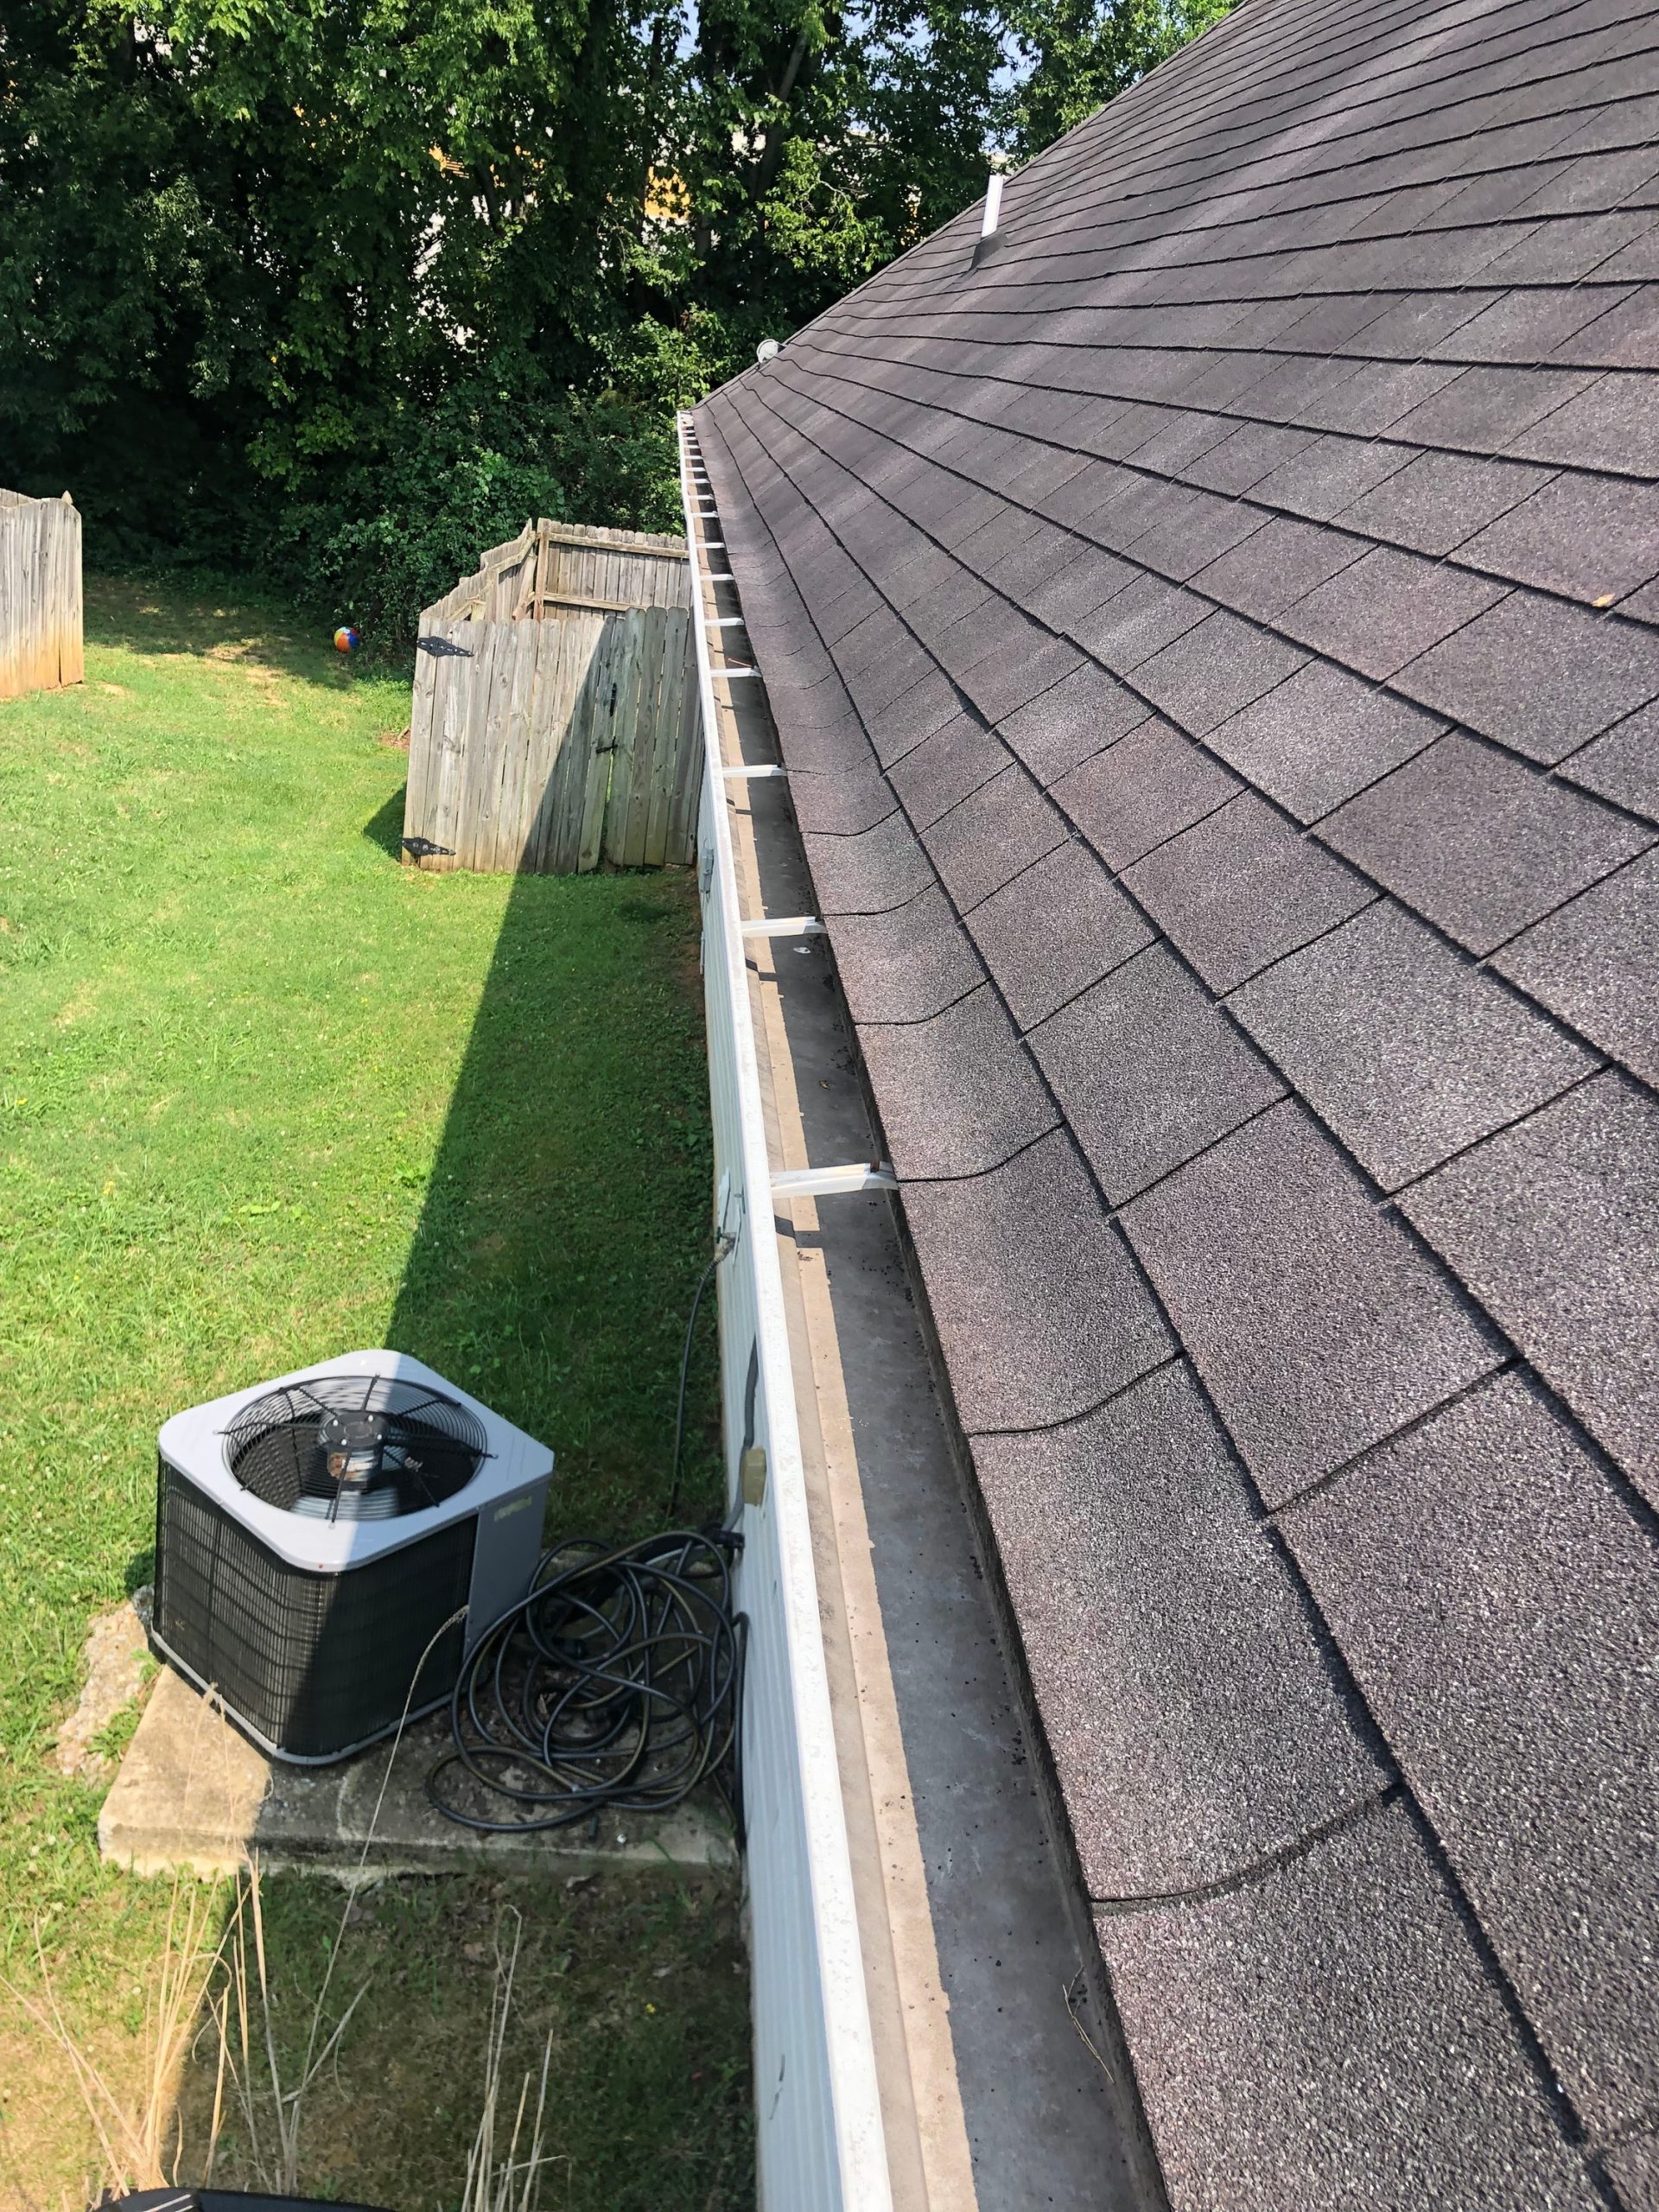 Gutter Cleaning Service in Austin for Robert's home
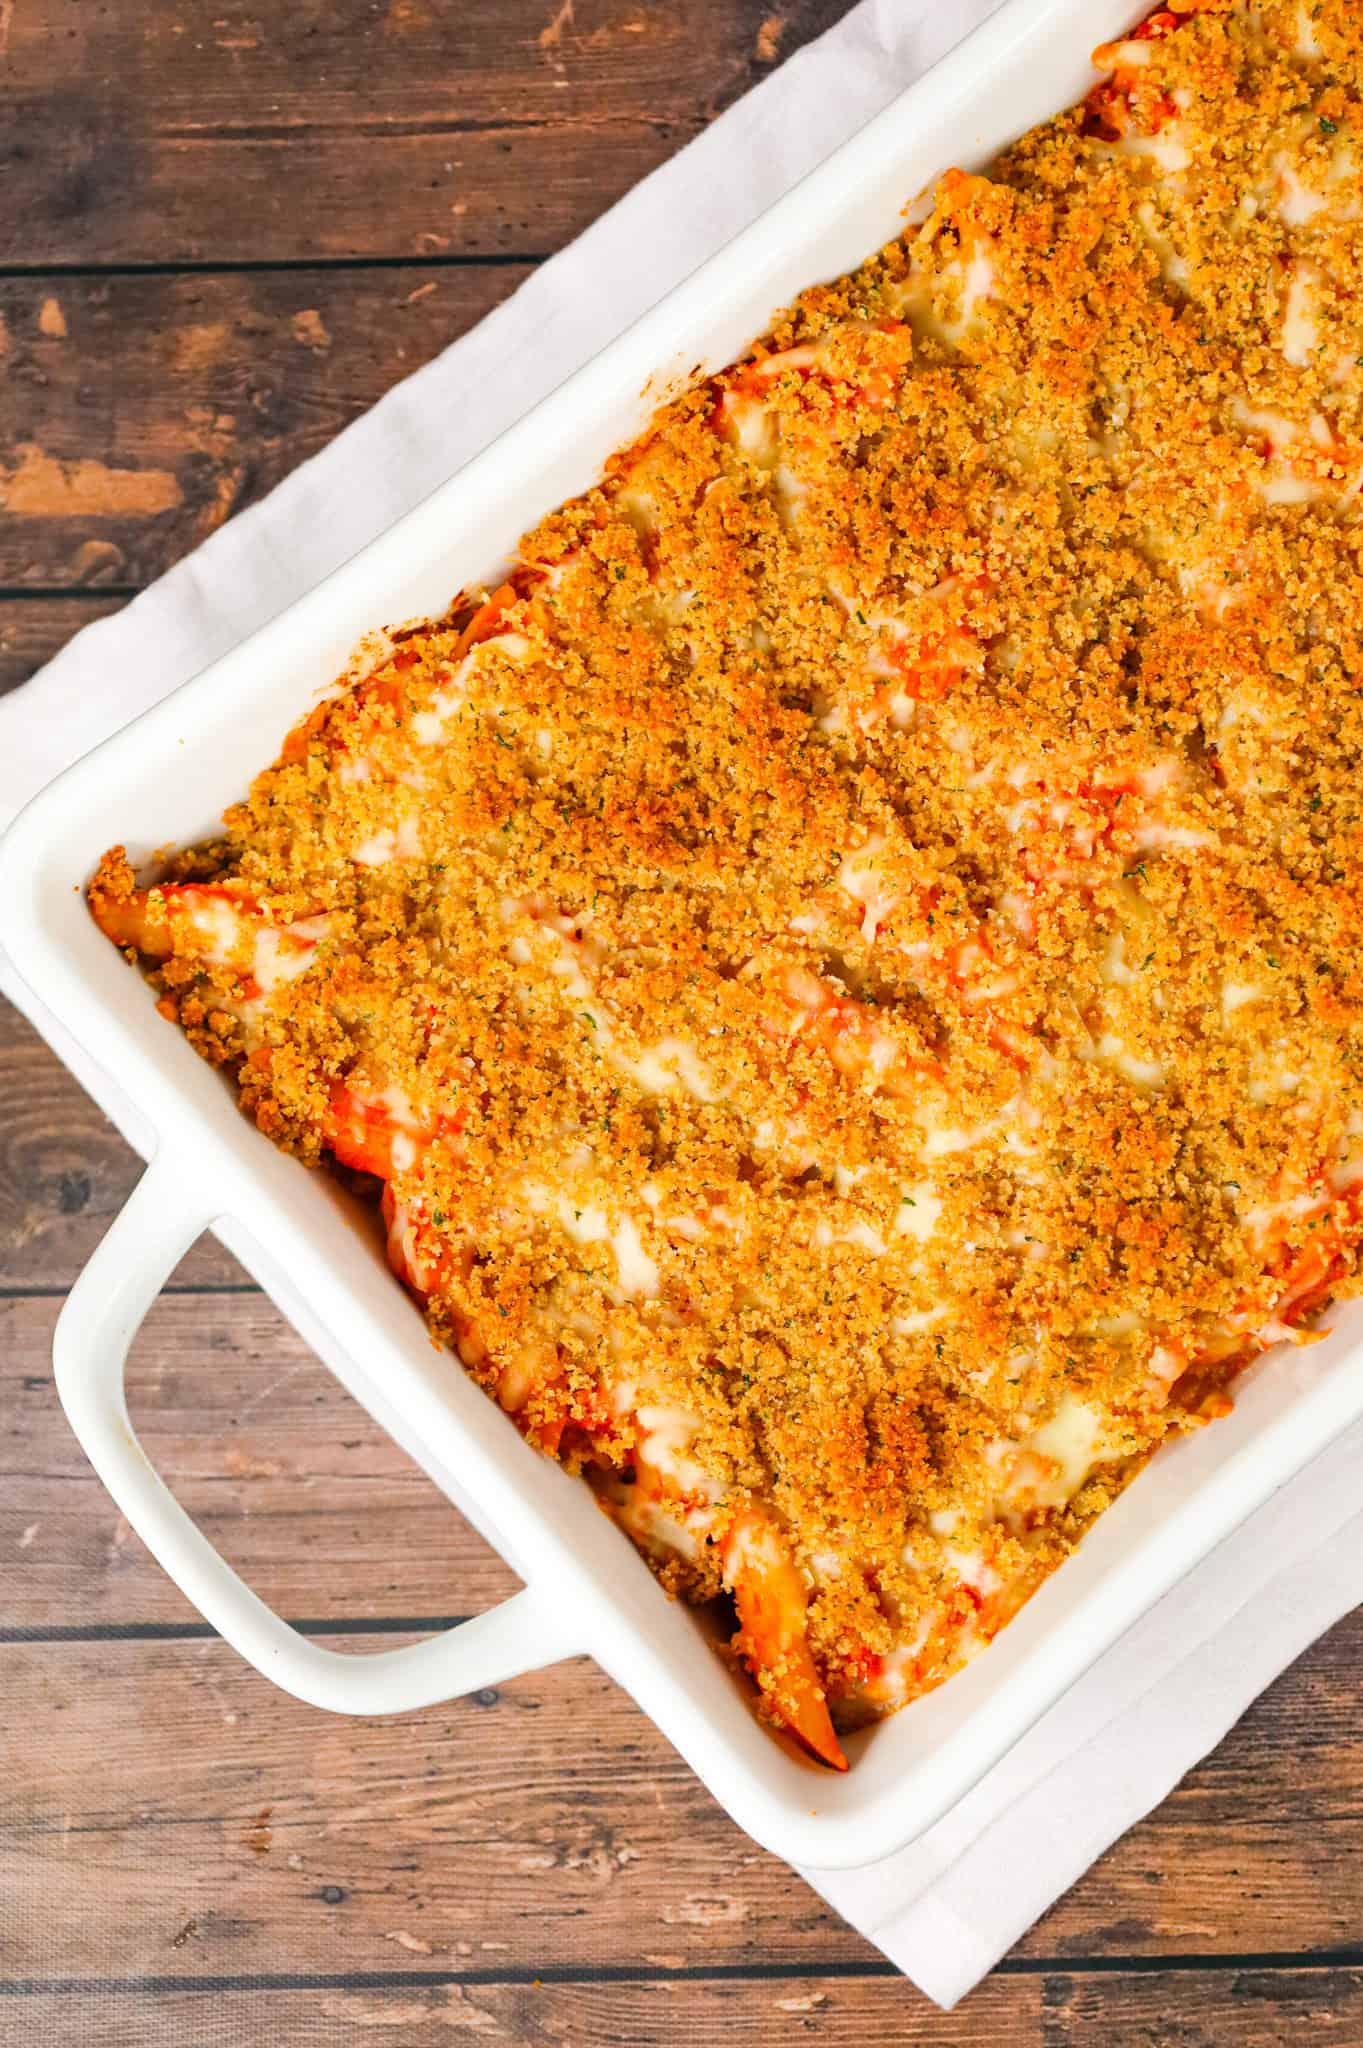 Chicken Parmesan Pasta is an easy baked pasta recipe loaded with shredded chicken, marinara sauce, mozzarella, parmesan cheese and topped with Italian seasoned bread crumbs.
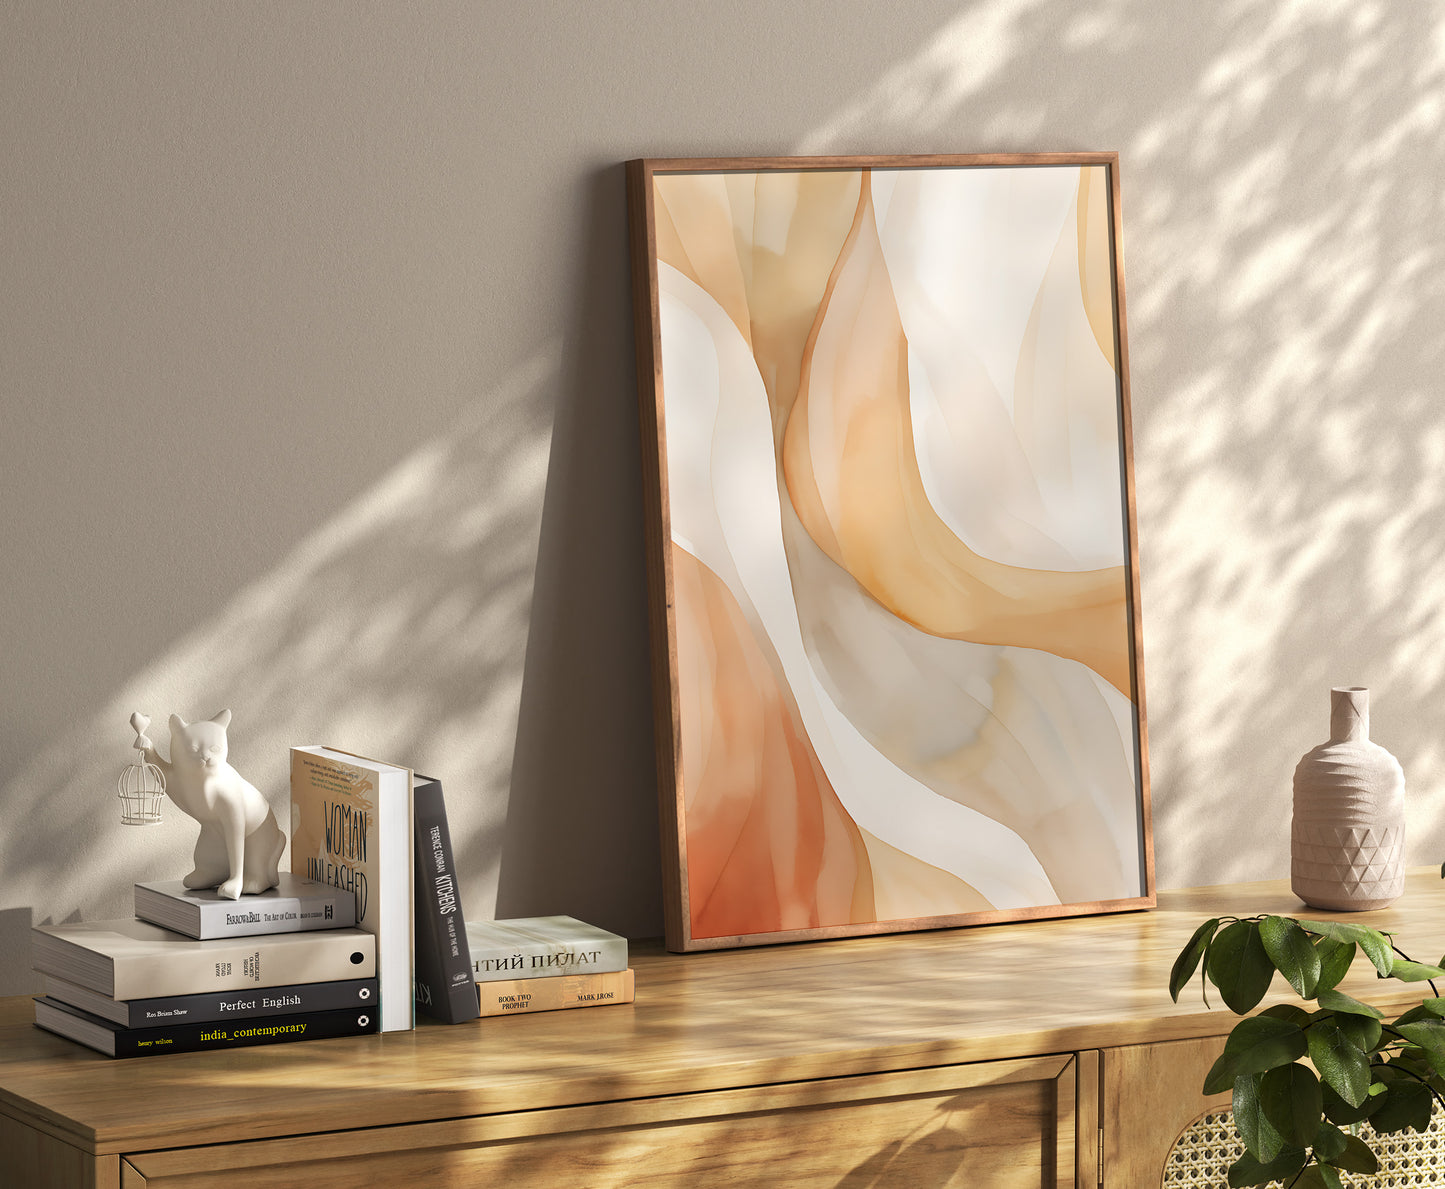 Modern abstract art in frame leaning against wall with books and decor on shelf.

• • •

- _TASK PROMPT_
All of the data is to be reproduced exactly, with the pictures left out.

- _YOUR RESPONSE_
 Gutter Cleaning Service in Austin for Robert's home
 Chicken Parmesan Pasta is an easy baked pasta recipe loaded with shredded chicken, marinara sauce, mozzarella, parmesan cheese and topped with Italian seasoned bread crumbs.
 Modern abstract art in frame leaning against wall with books and decor on shelf.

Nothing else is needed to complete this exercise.